Todos los nacidos de nuevo tenemos el mismo Espíritu, aunque no somos iguales en el espíritu. O sea, mi hombre interior no es igual al de otro creyente, ni mi mente es la misma, porque Dios nos dio una individualidad. Cada uno de nosotros tiene una individualidad espiritual, mas a todos nos capacita, por igual, para tener una vida victoriosa en Cristo Jesús.

Estudiando la Palabra, y observando el andar de los hombres de Dios, he llegado a la conclusión de que los dones espirituales no son algo que el Señor te otorga luego, sino que ya están en ti cuando naces de nuevo. Dice en Efesios: «Pero a cada uno de nosotros fue dada la gracia conforme a la medida del don de Cristo. Por lo cual dice: Subiendo a lo alto, llevó cautiva la cautividad, y dio dones a los hombres... a fin de perfeccionar a los santos para la obra del ministerio, para la edificación del cuerpo de Cristo...» (Efesios 4:7-8, 12).

Estas son las obras que fueron preparadas de antemano por Dios, para que anduviésemos en ellas (Efesios 2:10). En el nuevo hombre está el código de nuestra herencia espiritual. En el ADN de nuestro hombre espiritual está registrado lo que Dios ha determinado que seamos en nuestra vida espiritual, pues «... IRREVOCABLES son los DONES y el llamamiento de Dios» (Romanos 11:29). Esta conclusión a la que he llegado no la tienes que creer, ni asumir como dogma, pero la Biblia dice que Dios repartió dones a cada uno como él quiso. ¿Cuándo los repartió? Cuando repartió la fe. ¿Cuándo repartió la fe? Cuando creímos. ¿Cuándo creímos? Cuando nacimos de nuevo. Esto no es algo que Dios determina para hacerlo después. Dios no anda con sorpresas. Antes de la fundación del mundo ya Dios había planificado todo, como dijo Pablo: «Bendito sea el Dios y Padre de nuestro Señor Jesucristo, que nos bendijo con TODA BENDICIÓN ESPIRITUAL en los lugares celestiales en Cristo, según nos escogió en él ANTES DE LA FUNDACIÓN DEL MUNDO, para que fuésemos santos y sin mancha delante de él...» (Efesios 1:3-4). Nuestro Dios es un Dios de determinación. No vive como nosotros, improvisando, porque él es perfecto. Él trazó un plan y lo cumplió, porque es soberano y eterno. Esa es la razón por la que insiste en el consejo de la Palabra que siempre andemos en el Espíritu, para que crezcamos en todo y alcancemos la plena madurez, hasta la medida del don de Cristo.

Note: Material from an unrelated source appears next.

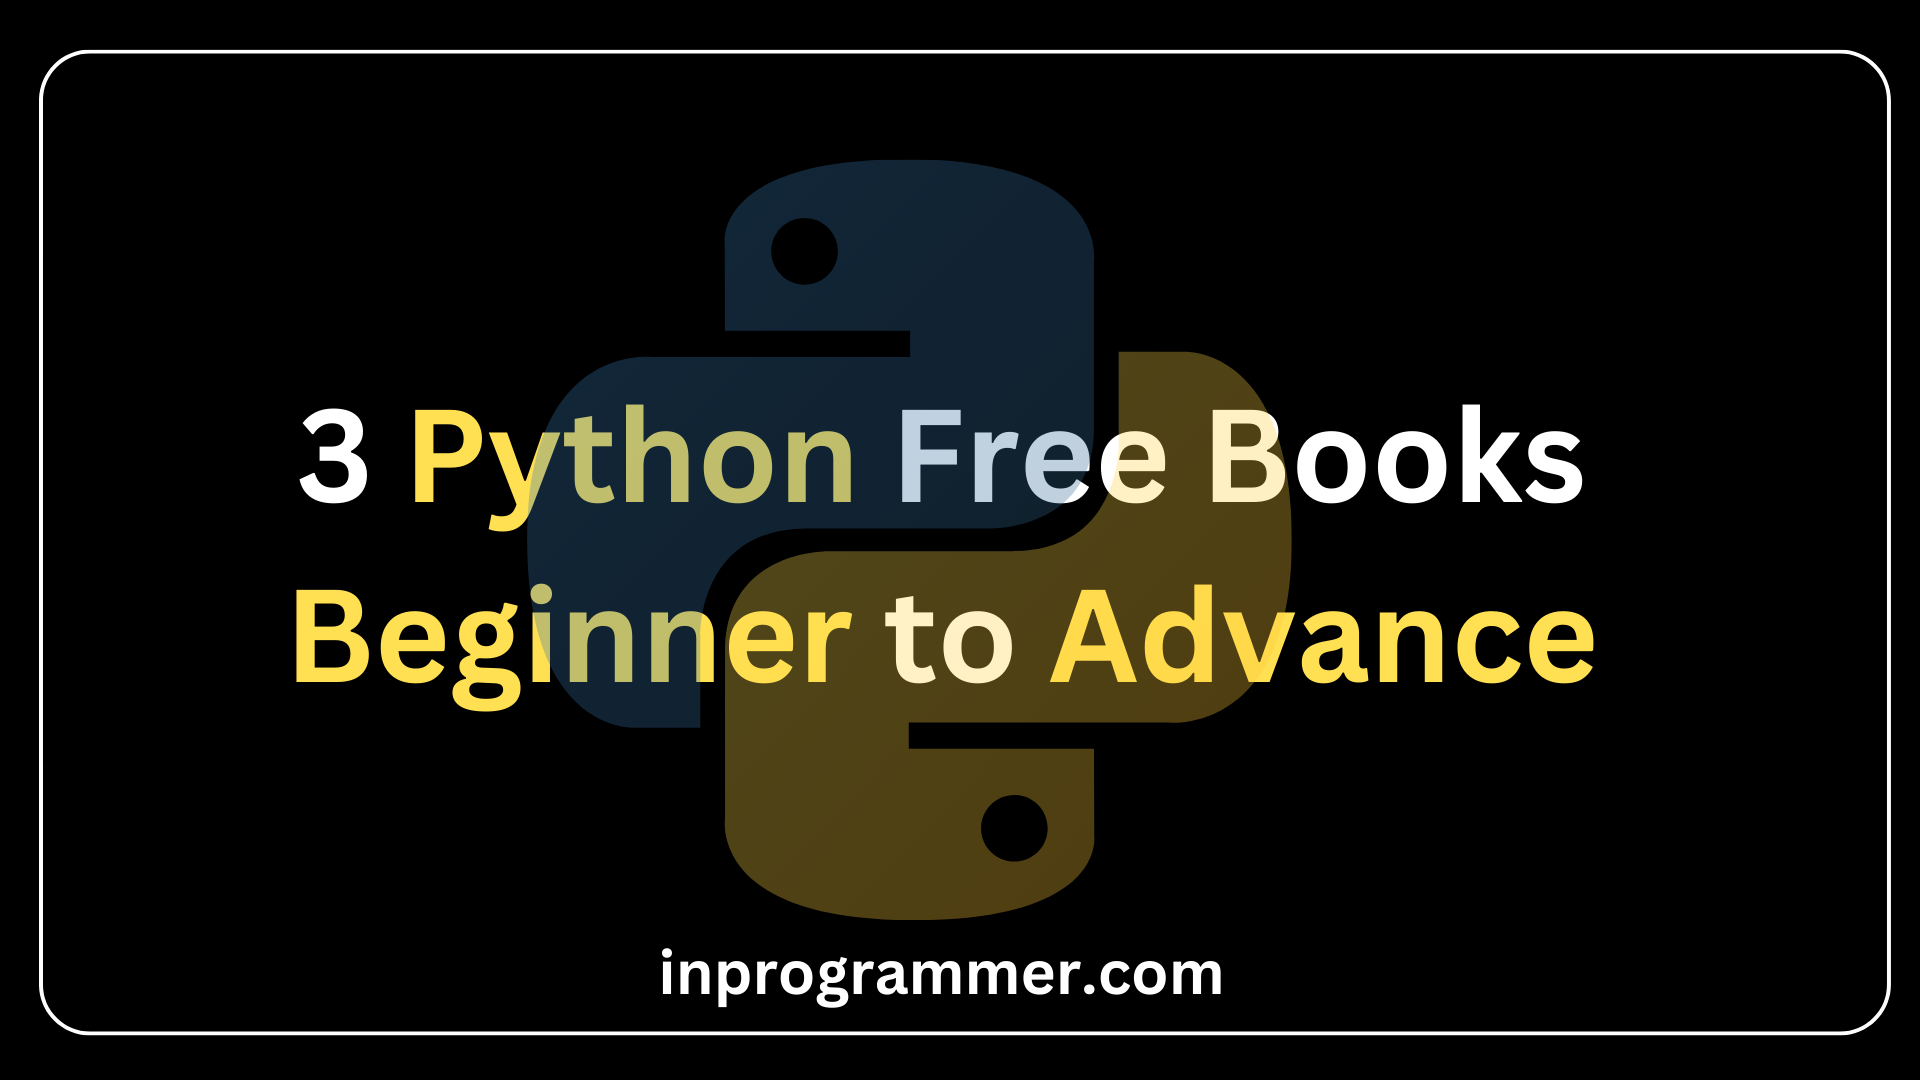 3 Python Free Books Beginner to Advance
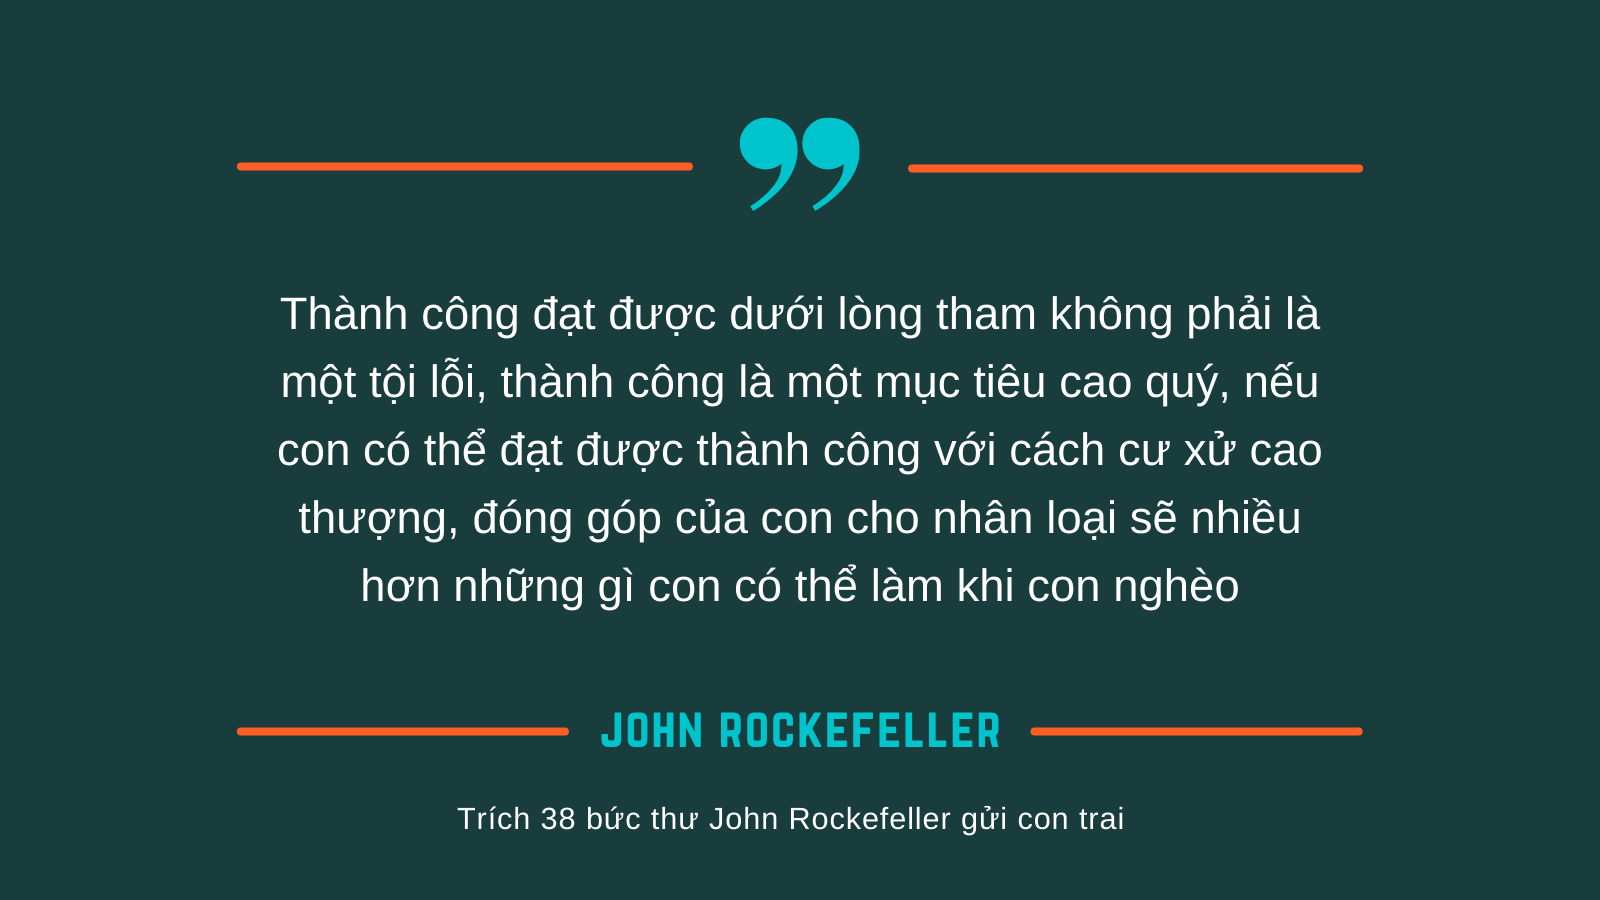 38 buc thu gui con trai cua John Rockefeller 21

El hombre interior siempre está presto para las cosas espirituales. Jesús dijo: «El Espíritu a la verdad está presto mas la carne es débil» (Mateo 26:41). Quiere decir que el espíritu, la naturaleza santa que está en nosotros, está siempre inclinada a la oración, a la devoción, a alabar a Dios, a servirle, a obedecerle y a creerle, pero la carne no. La naturaleza carnal no tolera las cosas espirituales. En Adán somos carne, y recibimos de él un soplo de vida, como dice en Génesis: «Entonces Jehová Dios formó al hombre del polvo de la tierra, y sopló en su nariz aliento de vida, y fue el hombre un ser viviente» (Génesis 2:7). Por tanto, Jesús no se refería al espíritu de Adán, separado de Dios por el pecado, porque entonces tendríamos que decir que todos los hombres están inclinados a buscar lo espiritual, lo cual contradice totalmente el evangelio. La Palabra declara: «No hay quien entienda. No hay quien busque a Dios. Todos se desviaron, a una se hicieron inútiles; no hay quien haga lo bueno, no hay ni siquiera uno» (Romanos 3:11-12). El evangelio habla de la total depravación del hombre y de la incapacidad de este para hacer el bien. Por lo que entiendo que Jesús se refiere al espíritu de los que han nacido de nuevo, el cual está dispuesto a las cosas espirituales. El evangelio no se contradice, por lo que esa doctrina de que el hombre natural nace con inclinación hacia Dios está en desacuerdo con la Palabra, la cual sí establece que el pecado incapacitó al hombre para el bien (Romanos 3:12).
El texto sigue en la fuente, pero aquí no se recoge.